20 January 2009

Review: The Tales of Beedle the Bard by JK Rowling


So. JK Rowling's The Tales of Beedle the Bard. What's there to say about this? Well, I picked it up because it was cheap and had a lot of Airmiles attached to it at my work. And also, when I start in on a thing, I get obsessive about it. I can stop liking it, but I still have to complete the set. (Case in point: The Matrix? A very fine film. The follow-up? A very poor one. And yet, I own the third film, which I still haven't taken out of the plastic over wrap and have never seen.)

The thing about Rowling is that I don't think she's a very good writer. I think she created a compelling universe with compelling characters and a compelling story line. And I think she had a good editor, at the beginning, who was able to help her tell the story in a compelling way. Somewhere along the line, everything but the compelling universe (for me) got lost.
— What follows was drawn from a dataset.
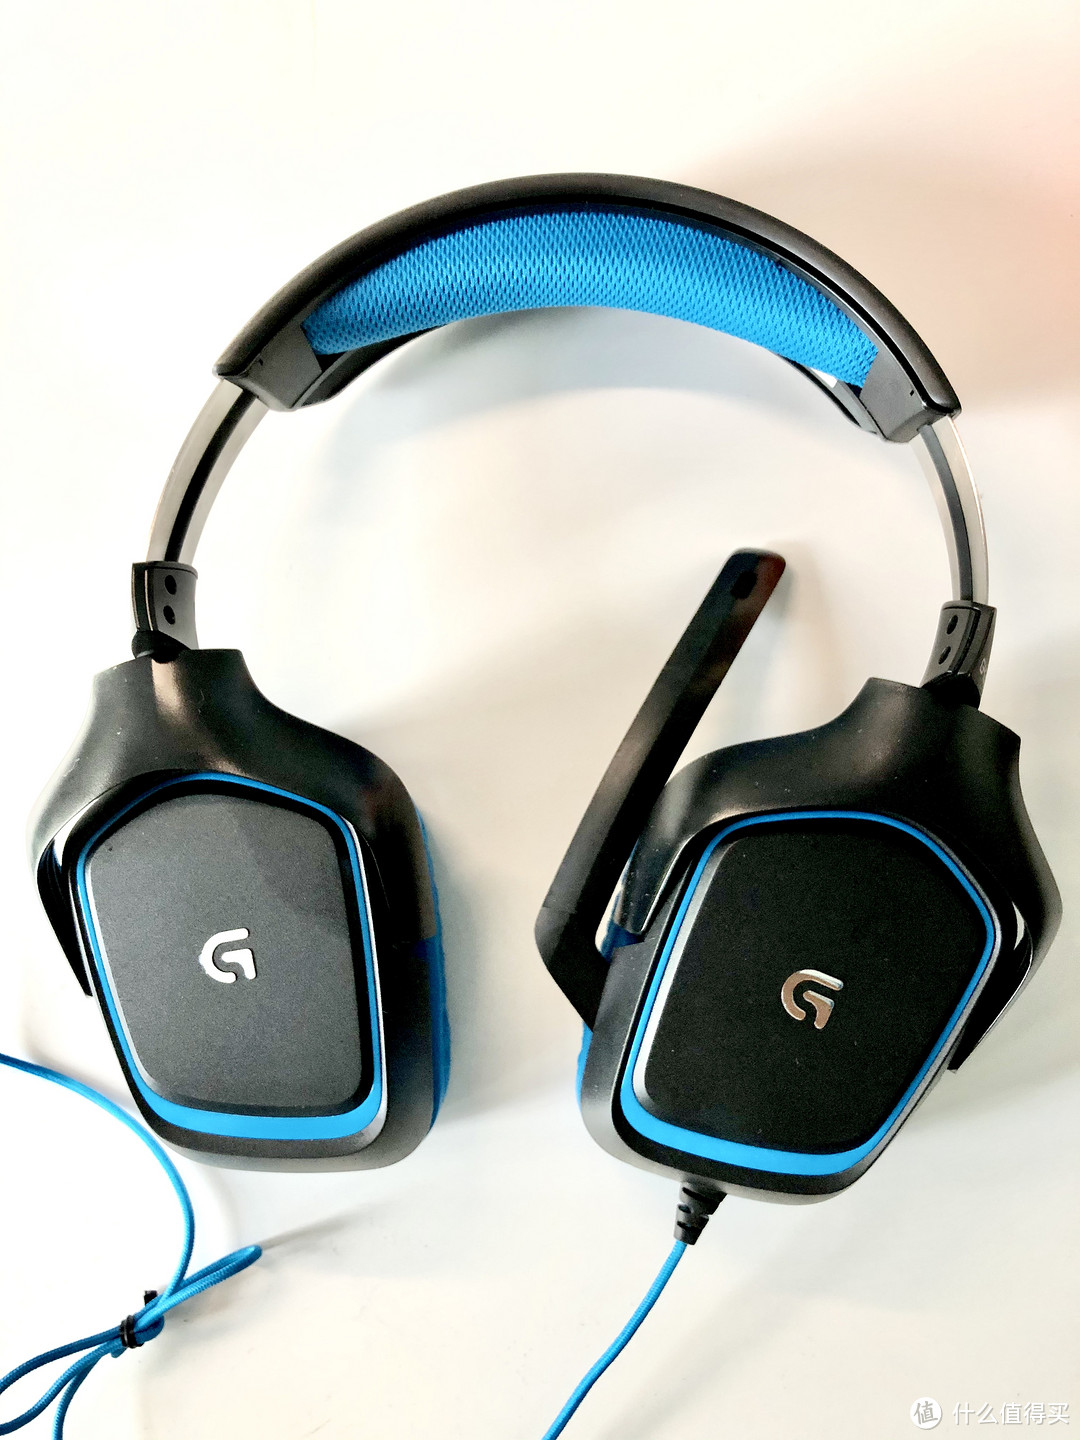 罗技G430 7.1环绕声游戏耳机使用体验

The problem with a compelling universe, for me, is that I want to know more about it. I want to know all the bits of that universe that she didn't explain before. So things like this book and like her other charity books (Quidditch Through the Ages and… the Beast one, I forget the title) make me want to have and read them, even if I think I'll be disappointed by the story they tell.

Opening Paragraph:
There once was a kindly old wizard who used his magic generously and wisely for the benefit of his neighbours. Rather than reveal the true source of his power, he pretended that his potions, charms and antidotes sprang ready-made from the little cauldron he called his lucky cooking pot. From miles around people came to him with their troubles, and the wizard was pleased to give his pot a stir and put things right.
So this is a book of wizarding fairytales, written originally in runes by Beedle the Bard, then annotated by Dumbledore, then translated by Hermione Granger, then brought to the muggle world by Rowling. It's a short selection of tales – just five – and, well, five days later, I've forgotten them all.
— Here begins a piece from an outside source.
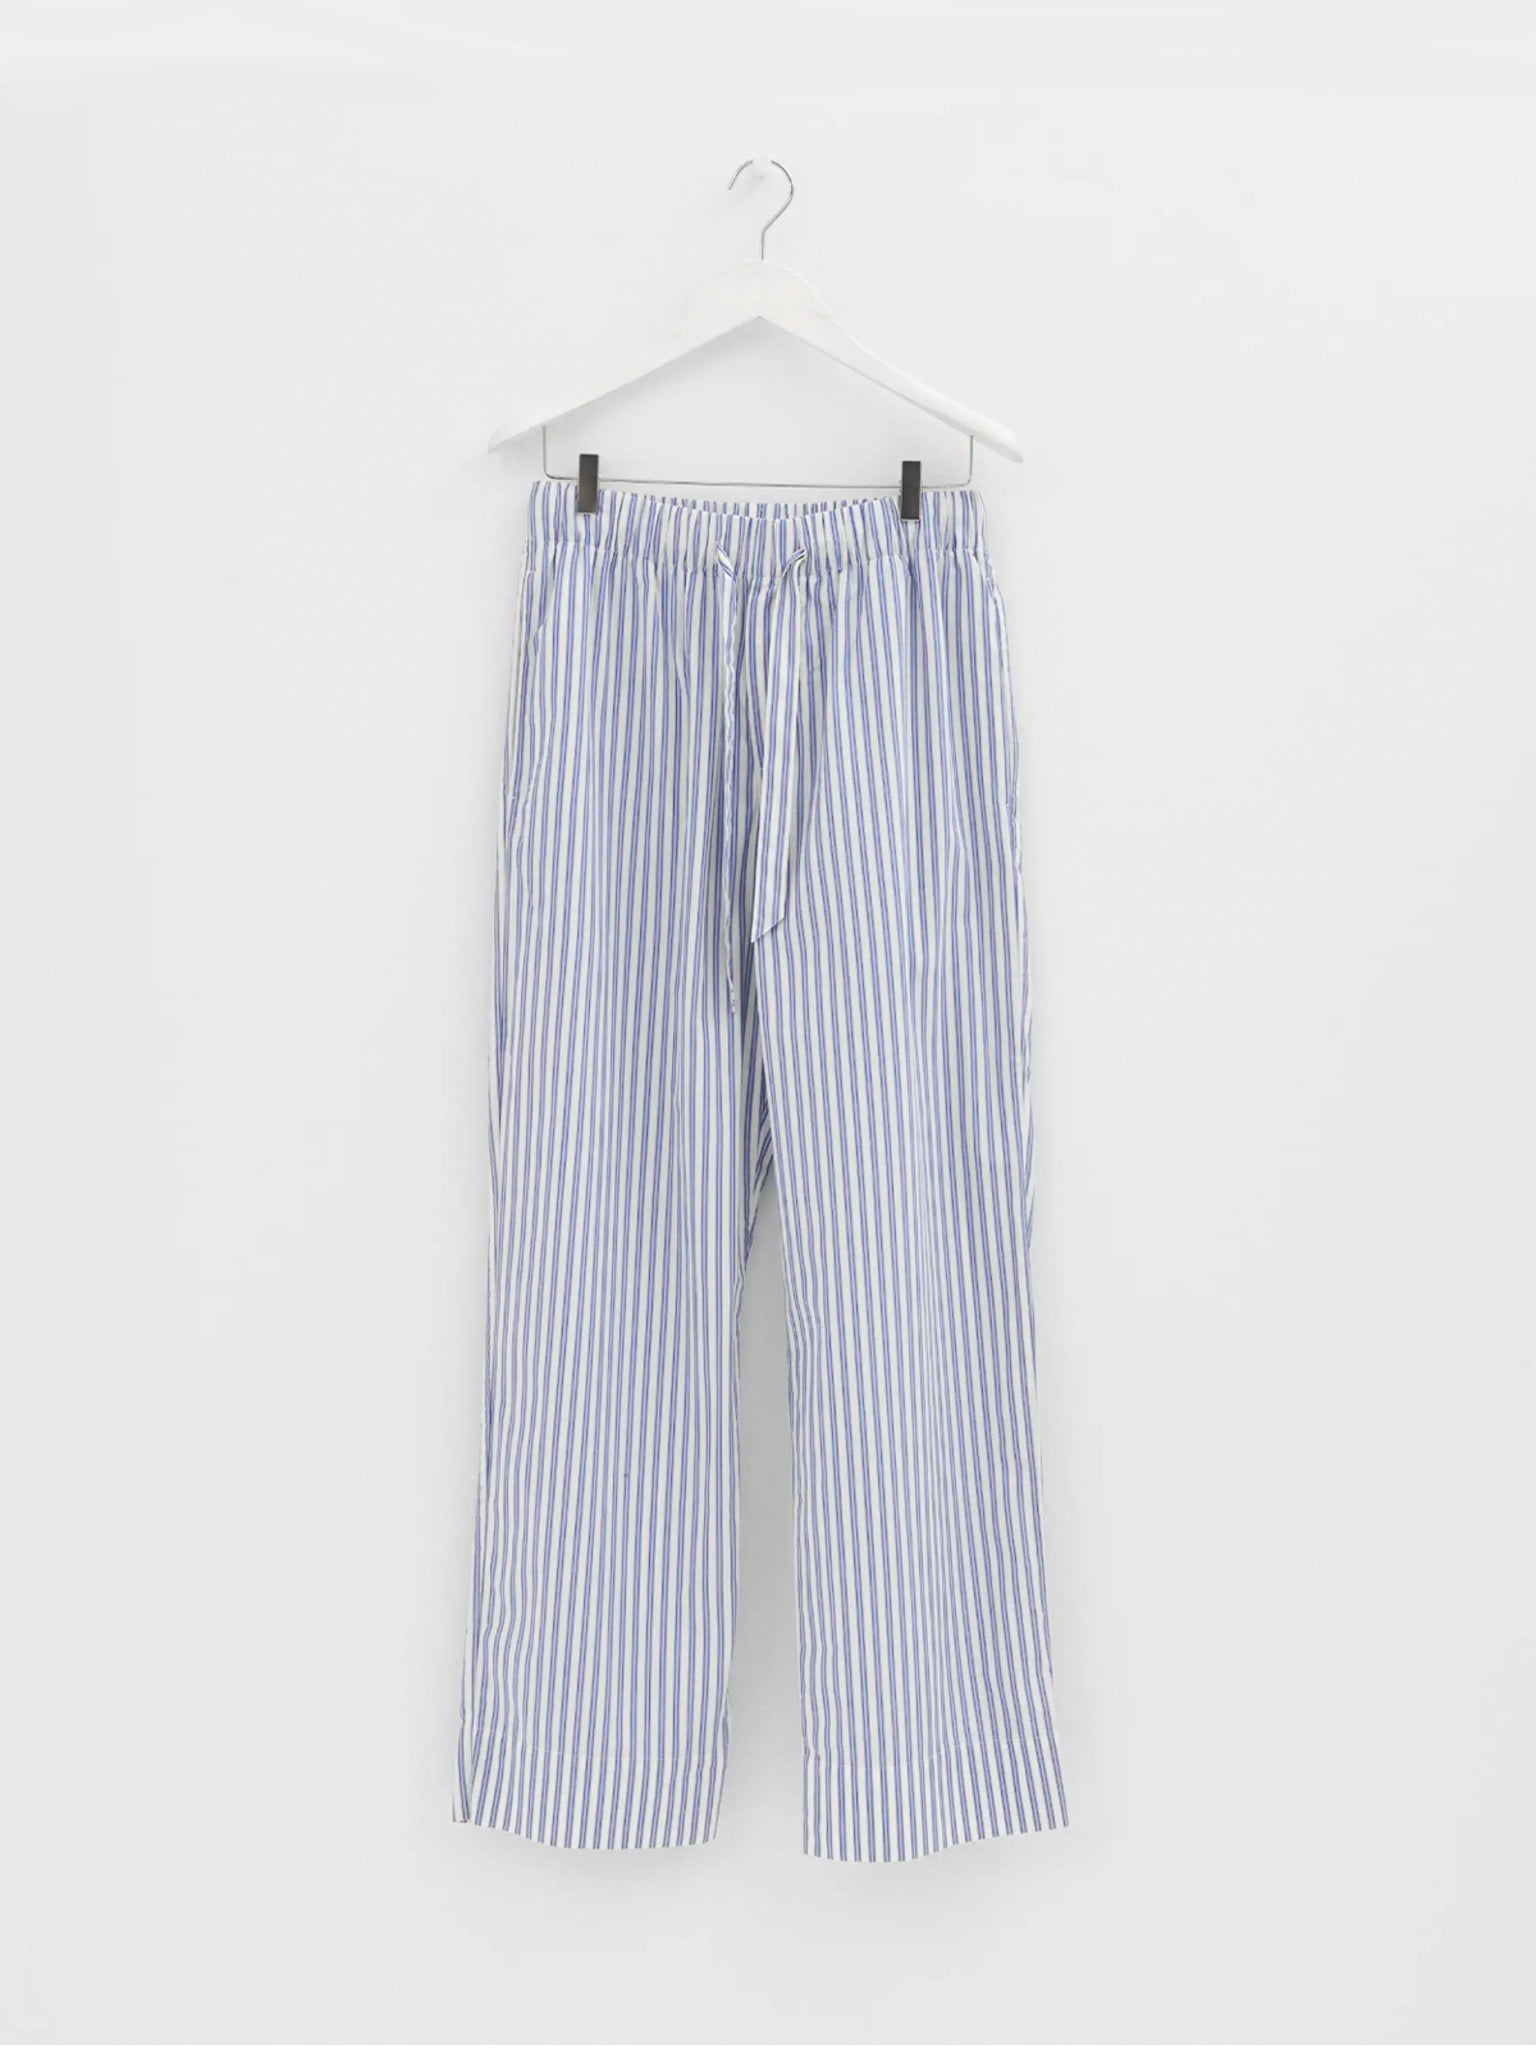 Tekla - Poplin Pyjamas Pants in Skagen Stripes

Oh god, it's just so boring. I wanted to like it, but it's boring. The stories read like fake fairy tales and not like ones that might really have existed in some other society. I'm not sure if anything would have felt "real" enough for me, but this certainly didn't.

I'm certain that some small part of my dislike is just the lingering disappointment of the last few books of the Harry Potter series, but the rest of it is just wishing that Rowling (and I, obviously) would just let it go. I don't really know where she can or will go from here, but even though I'm still apparently willing to buy it, I do wish she'd stop treading old ground. (Even if it's being done in new, for her, ways.)
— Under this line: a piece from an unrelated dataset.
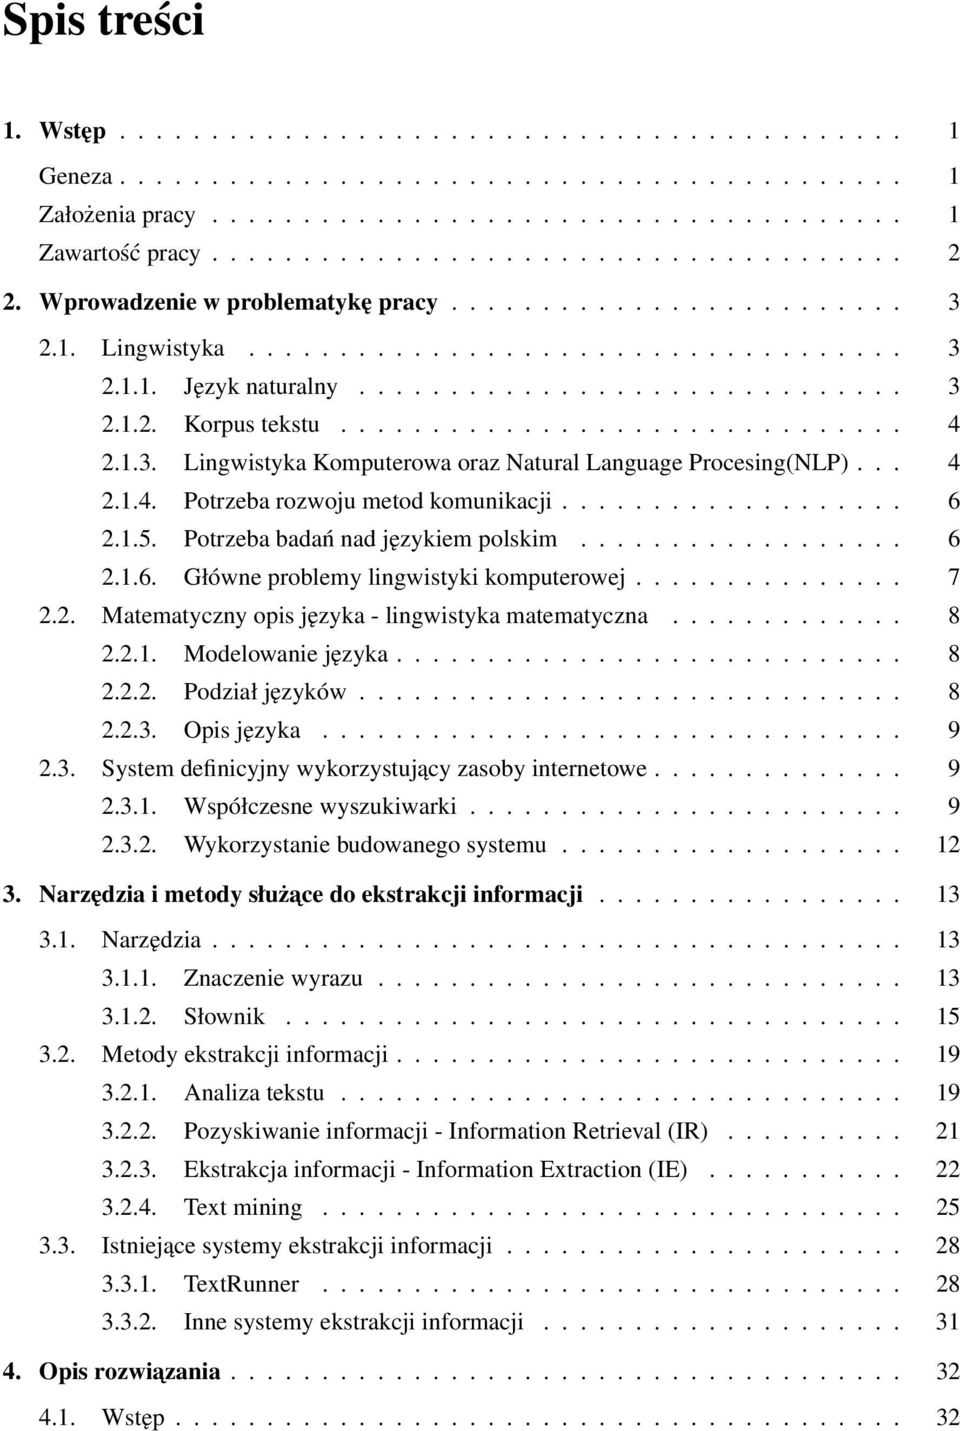 1.3. Lingwistyka Komputerowa oraz Natural Language Procesing(NLP)... 4 2.1.4. Potrzeba rozwoju metod komunikacji................... 6 2.1.5. Potrzeba badań nad językiem polskim.................. 6 2.1.6. Główne problemy lingwistyki komputerowej.

Does it need to be said what else JK Rowling has written? Nevertheless, Rowling has written the 7 Harry Potter books, which have all been (or are in the process of being) made into movies. She's also written two other short books in the Harry Potter universe, Quidditch Through the Ages and Fantastic Beasts and Where to Find Them.


Rowling, JK. The Tales of Beedle the Bard. London: Bloomsbury, 2008.
Finished: 15 January 2009
Rating: 3 of 5* warty cauldrons
This was my 2nd book in January, and my 2nd in 2009.



*Psst... my ratings are numbered 1-5, meaning something like 1=sucky, 2=meh, 3=okay, 4=good, 5=great.